The involvement of calpain-dependent proteolysis of the tumor suppressor NF2(merlin) in schwannomas and meningiomas : Yoriyoshi KIMURA^1,3, Hisashi KOGA¹, Norie ARAKI¹, Hideo TAKESHIMA², Tohru NISHI², Trtsumori YAMASHIMA⁴, Takaomi C.SAIDO⁵, Toshiki YAMASAKI³, Kouzo MORITAKE³, Hideyuki SAYA¹, Mitsuyoshi NAKAO¹ (¹Dept.Tumor. Genet.Biol., ²Dept.Neurosurg.Kumamoto Univ.Sch.Med., ³Dept.Neurosurg.Shimane Med.Univ., ⁴Dept.Neurosurg.Kanazawa Univ.Sch.Med., ⁵Labo. for Proteolytic Neoroscience,RIKEN Brain Science Inst.)

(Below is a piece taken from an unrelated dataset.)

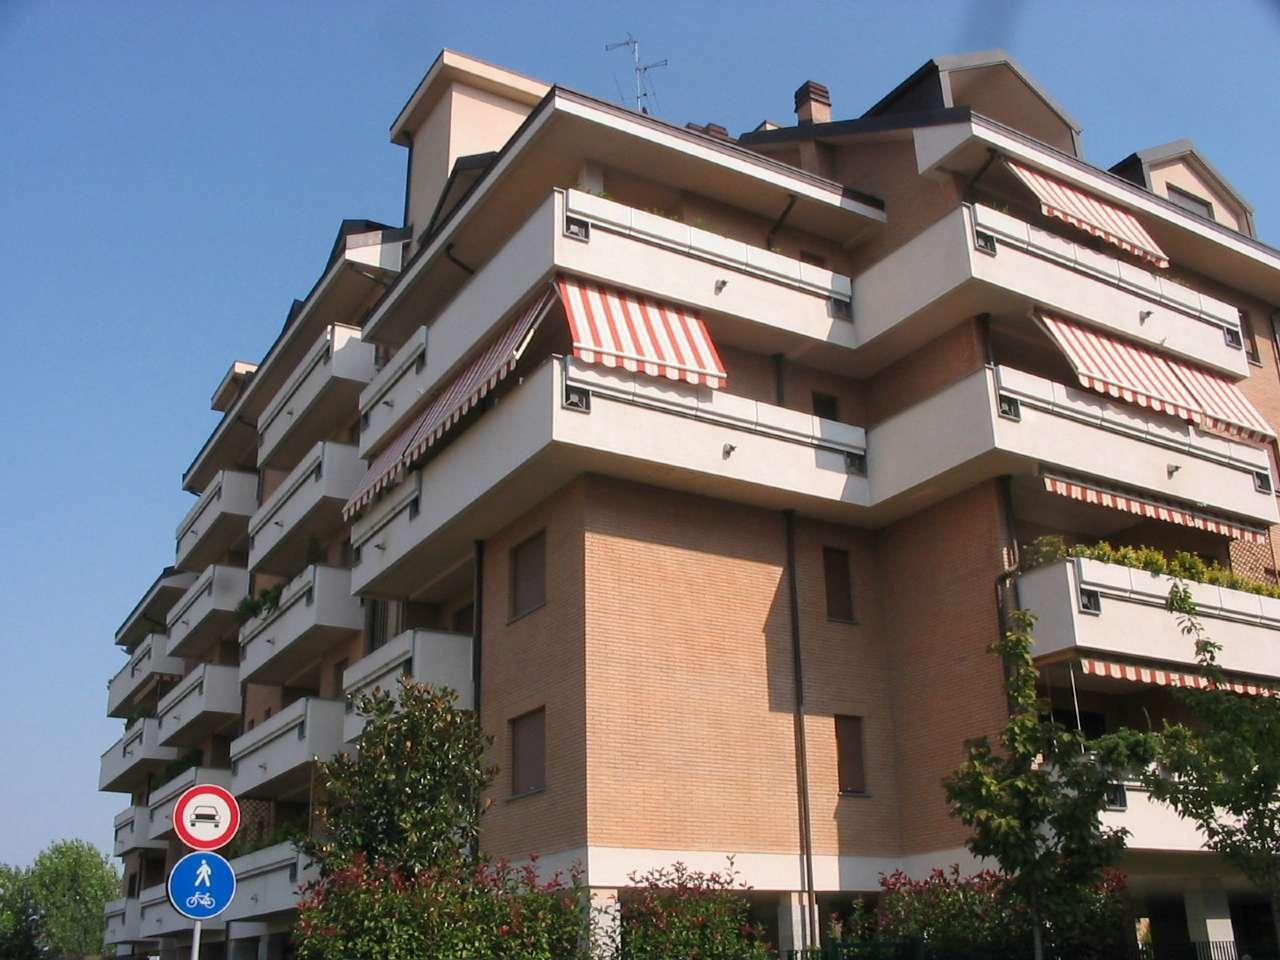 Appartamento in vendita a Opera, 4 locali, prezzo € 370.000 | PortaleAgenzieImmobiliari.it

Neurofibromatosis type 2(NF2) protein, merlin or schwannomin, is a tumor suppressor, and NF2 gene has been found mutated in the majority of schwannomas and meningiomas. Despite NF2-dependency, the presence of tumors lacking detectable NF2 gene mutations suggests different mechanisms for inactivating merlin. The present study demonstrated the cleavage of merlin by ubiquitous calpain, and the marked activation of the calpain system resulting in the loss of merlin expression in these tumors. Increased proteolysis of merlin by calpain in a portion of schwannomas and meningiomas is the first example of tumorigenesis linked to the calpain-mediated proteolytic pathway.